Twitter, by nature, is of real-time, by the minute, trending topics. Data analysis of Twitter data is best if it is as well. If you want a sense of who’s tweeting, what languages are participating in a particular topic of conversation, and where (IF their geo-coord data is not set to private…which is the case when I’m visualizing librarian conference data–they are privacy aware;)) here are my go-to quick and dirty exploratory tools…super easy to use, and give me an initial sense of the scope and “feel” of the data.
- What’s your topic? I’m taking data from the outcry in reaction to the photograph of Syrian boy Aylan Kurdi, who drowned on his way from Turkey to Greece, just one soul in the recent migrant crises to die while fleeing. This Twitter data was gathered today at 9AM (Sept. 3, 2015), and showed 23 unique languages of user tweeting with the hashtag #KiyiyaVuranInsanlik.
- Follow your curiosity to shape the questions to ask your data.

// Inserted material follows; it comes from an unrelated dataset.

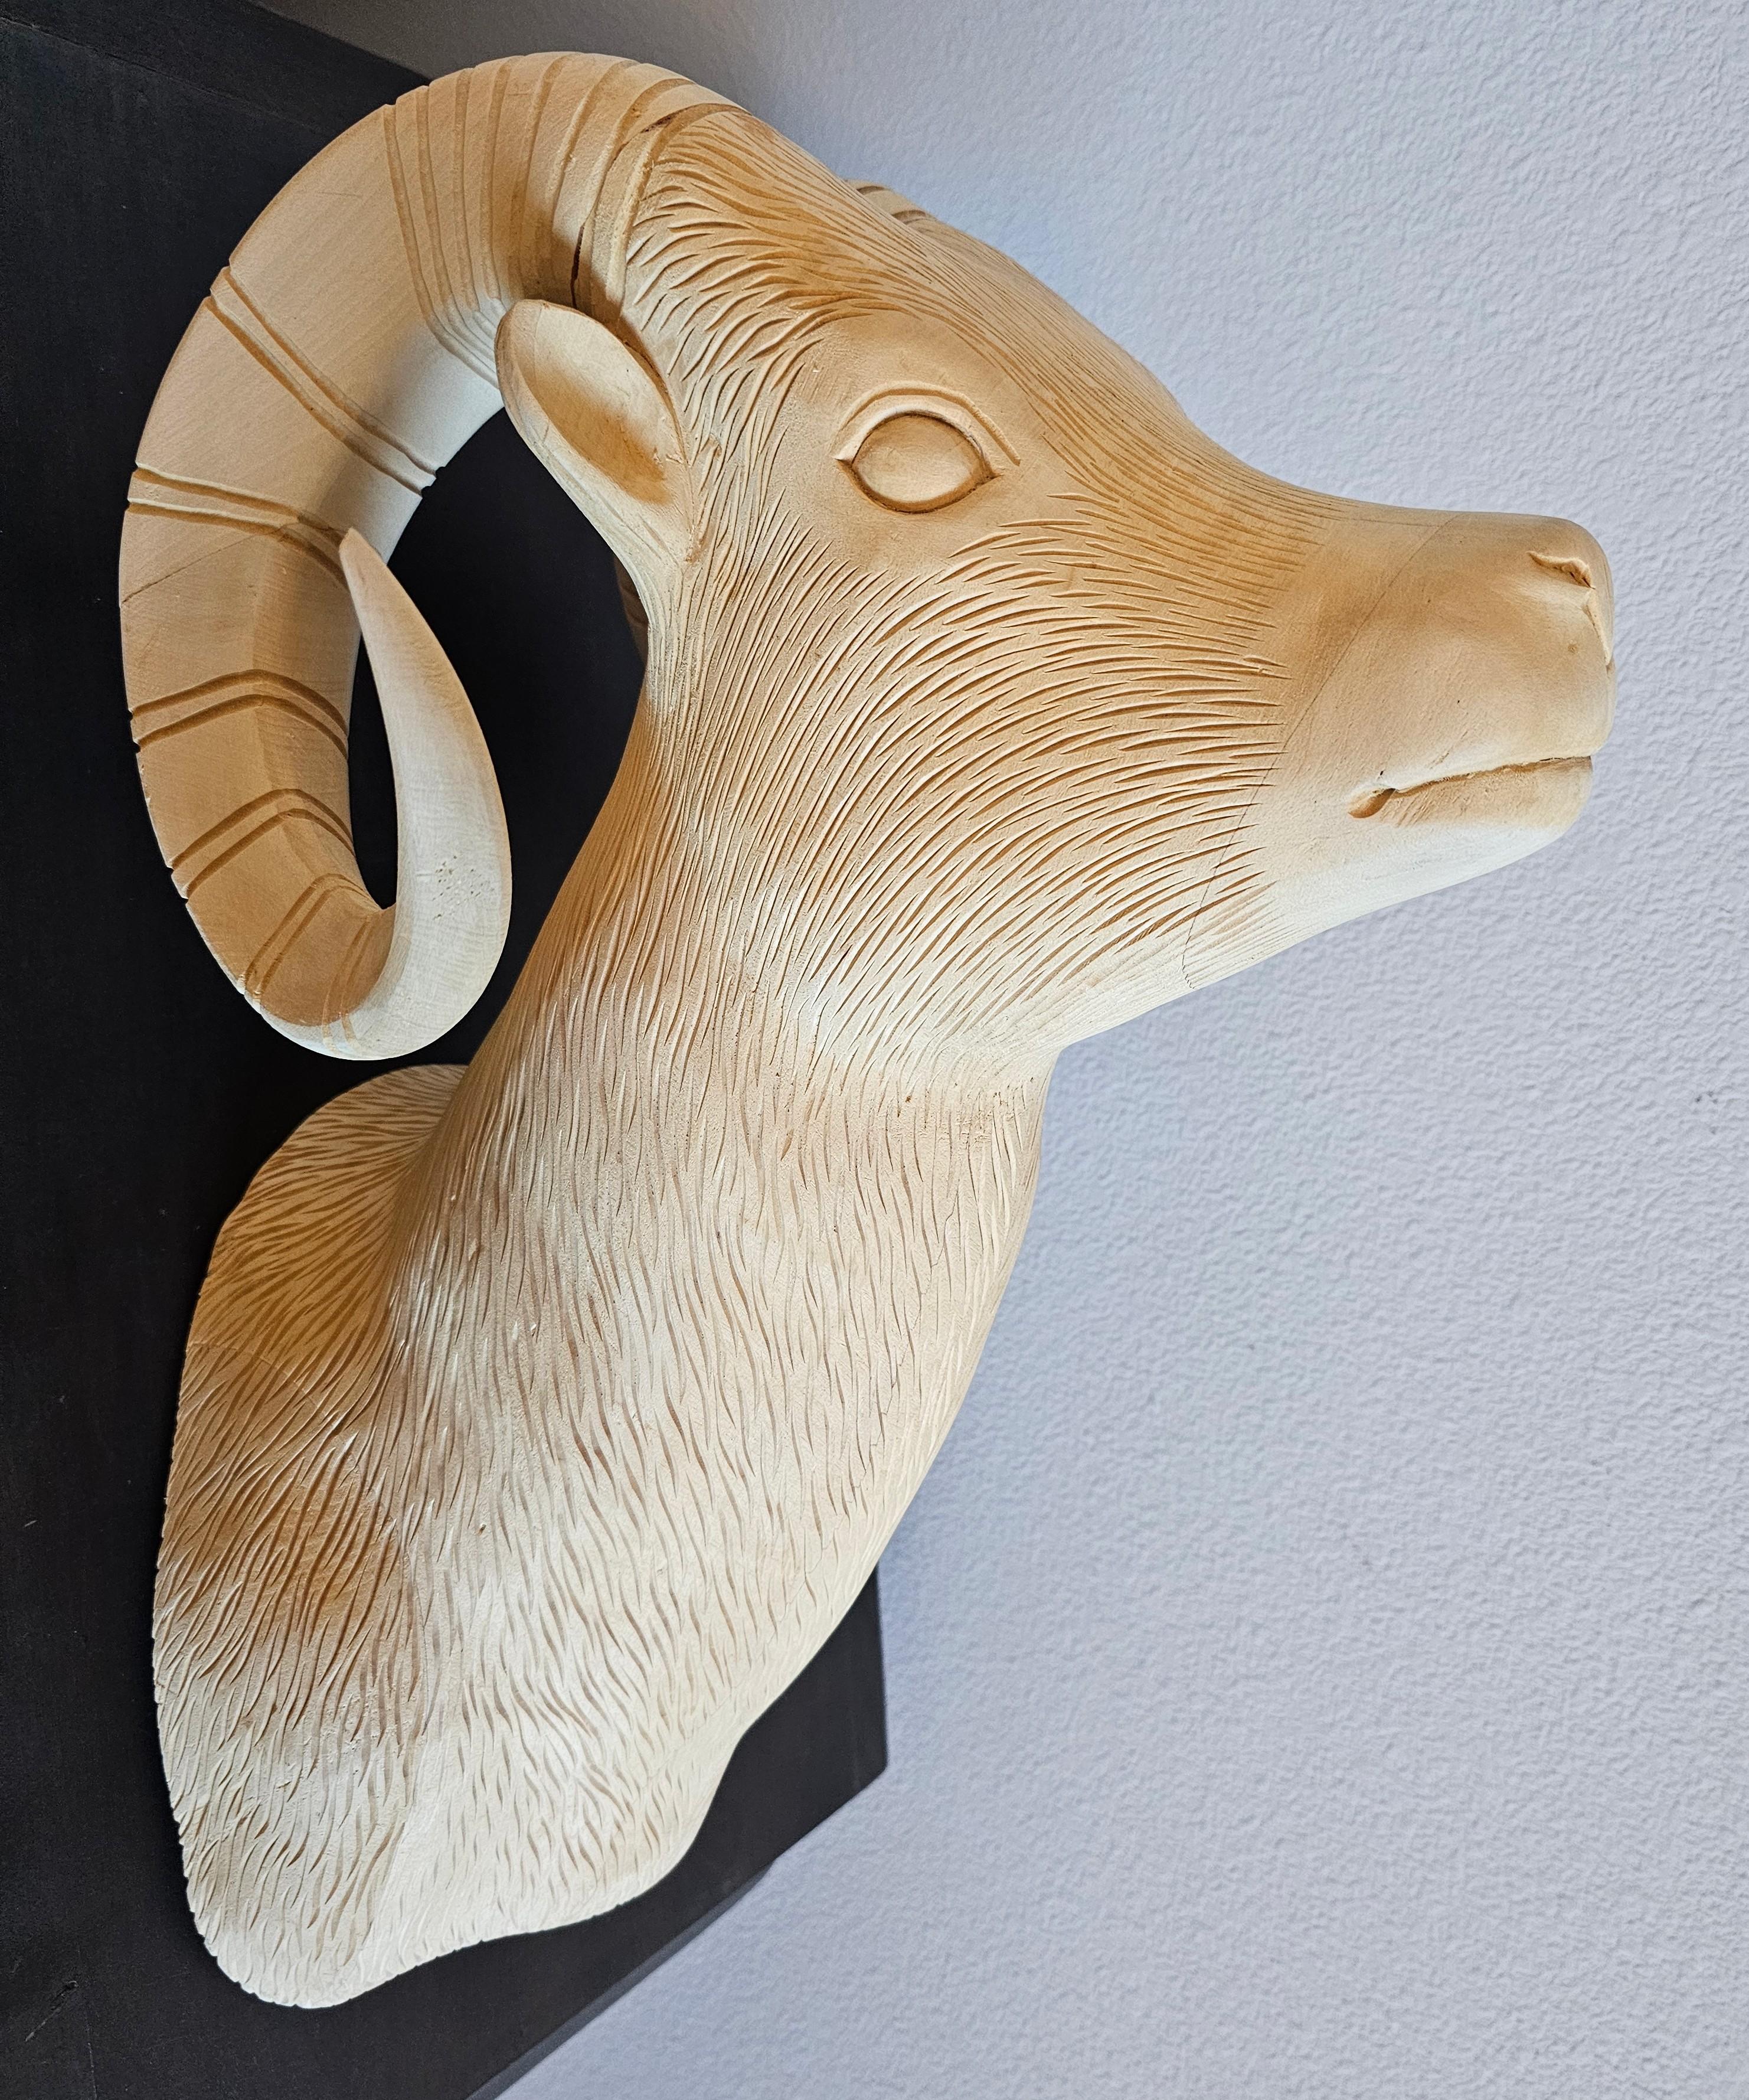 Eine große Holzschnitzerei, die einem Schafskopf mit langem Horn als Schulterstück nachempfunden ist. Außergewöhnlich gut ausgeführte naturalistische Form, entrindetes/gebleichtes helles Holz, aufwändig detailliert, um Fell, Gesichtszüge,

Before analysis, I always manually go to the head of the tweet stream of the hashtag I’m harvesting, to get a sense of it’s popularity, the type of media being posted, the users, etc.
- Get TAGS. It’s a google spreadsheet that uses the Twitter REST Api (credit: Martin Hawksey!). https://tags.hawksey.info/get-tags/ (Use the “New Tags”).
- Once your Google Spreadsheet is open, Click File–> Create new copy–> then rename. Now, in this new sheet, go to the TAGS tab at the top right of your menu bar. Enter the term you wish to scrape from twitter in the box (it’s all pretty self-explanatory). Click “Run now!” (You’ll need to be logged into Twitter and set up authorization.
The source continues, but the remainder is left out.